The radical Islamist ideology motivating Al Qaeda and its Taliban allies seems bizarre and nearly incomprehensible to most Americans, then and now. That the ideology comes in many variations — from the dark and twisted delusions of Iran’s Ayatollah Khomeini to today’s malignant Islamic State rampaging through the Middle East and North Africa — doesn’t make it easier to grasp. Unfortunately, precisely because the ideology is not monolithic, it is more difficult to counter in sustained, effective ways.
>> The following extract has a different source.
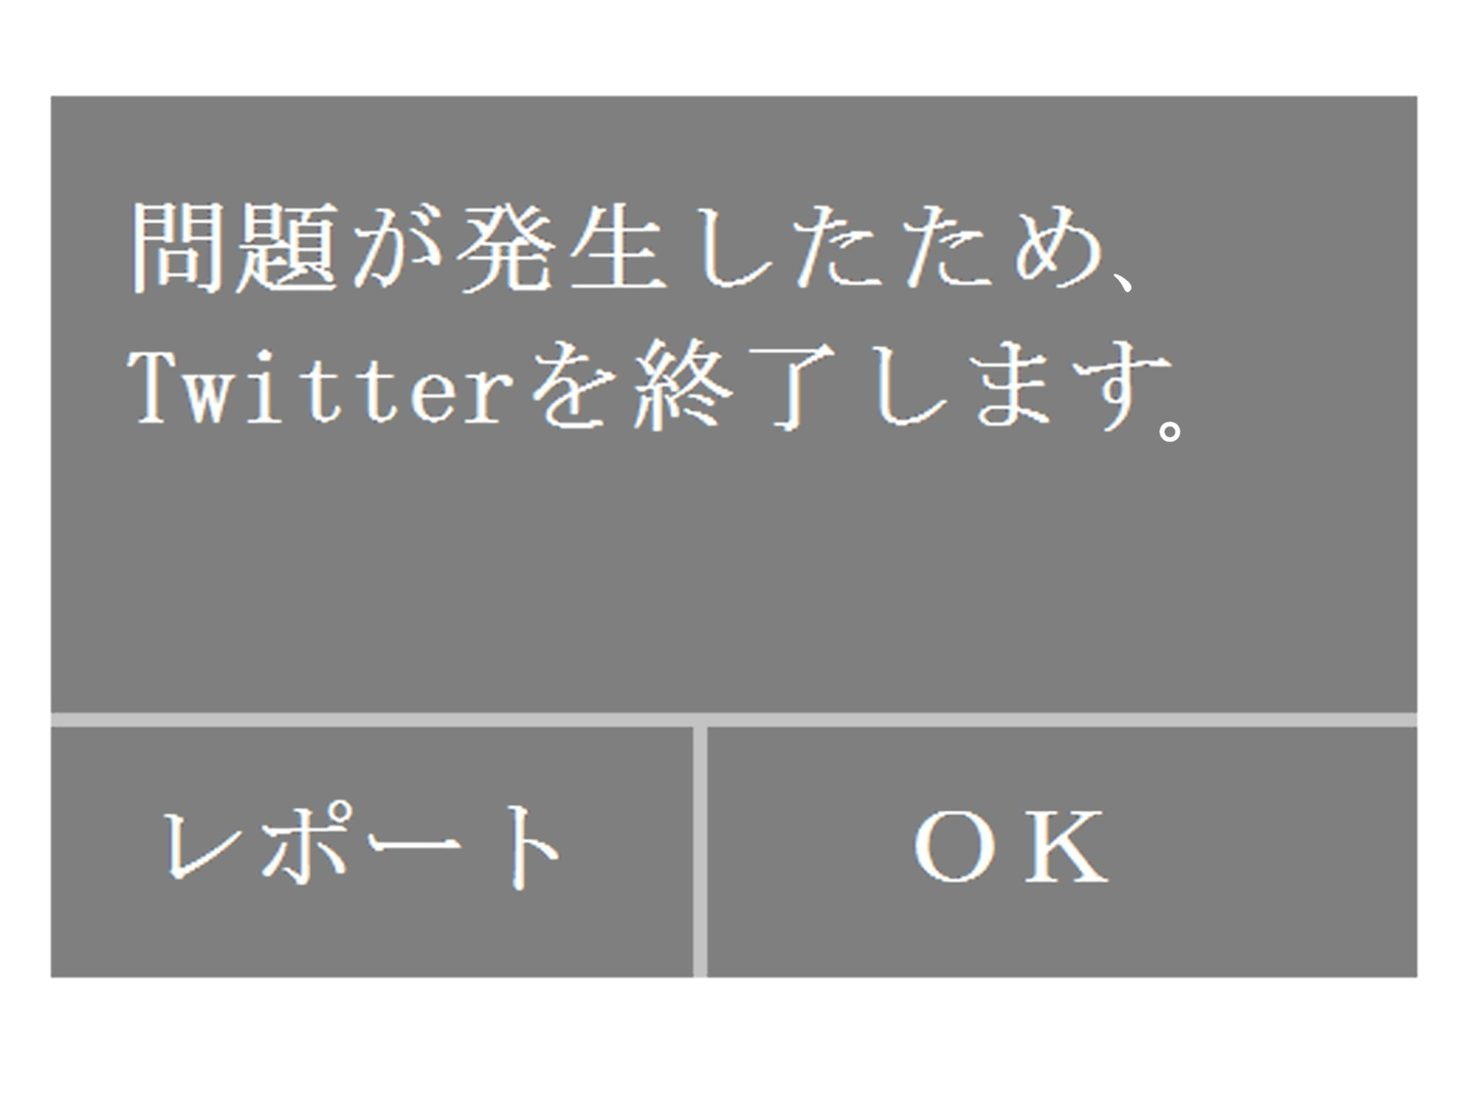 問題が発生したため、Twitterを終了します。というエラーを解決する方法

Nonetheless, on that September day 15 years ago, Americans knew that unlike prior provocations that often went unanswered, these attacks could not be ignored or brushed aside. And they were not, certainly not by President George W. Bush. Taliban and Al Qaeda were driven from power in Afghanistan in a brilliant military campaign. No due process rights were afforded on the Afghan battlefield, nor should they have been, any more than enemy combatants received US constitutional protections in any other war we have fought. It was war, not law-enforcement, we were conducting, and rightly so.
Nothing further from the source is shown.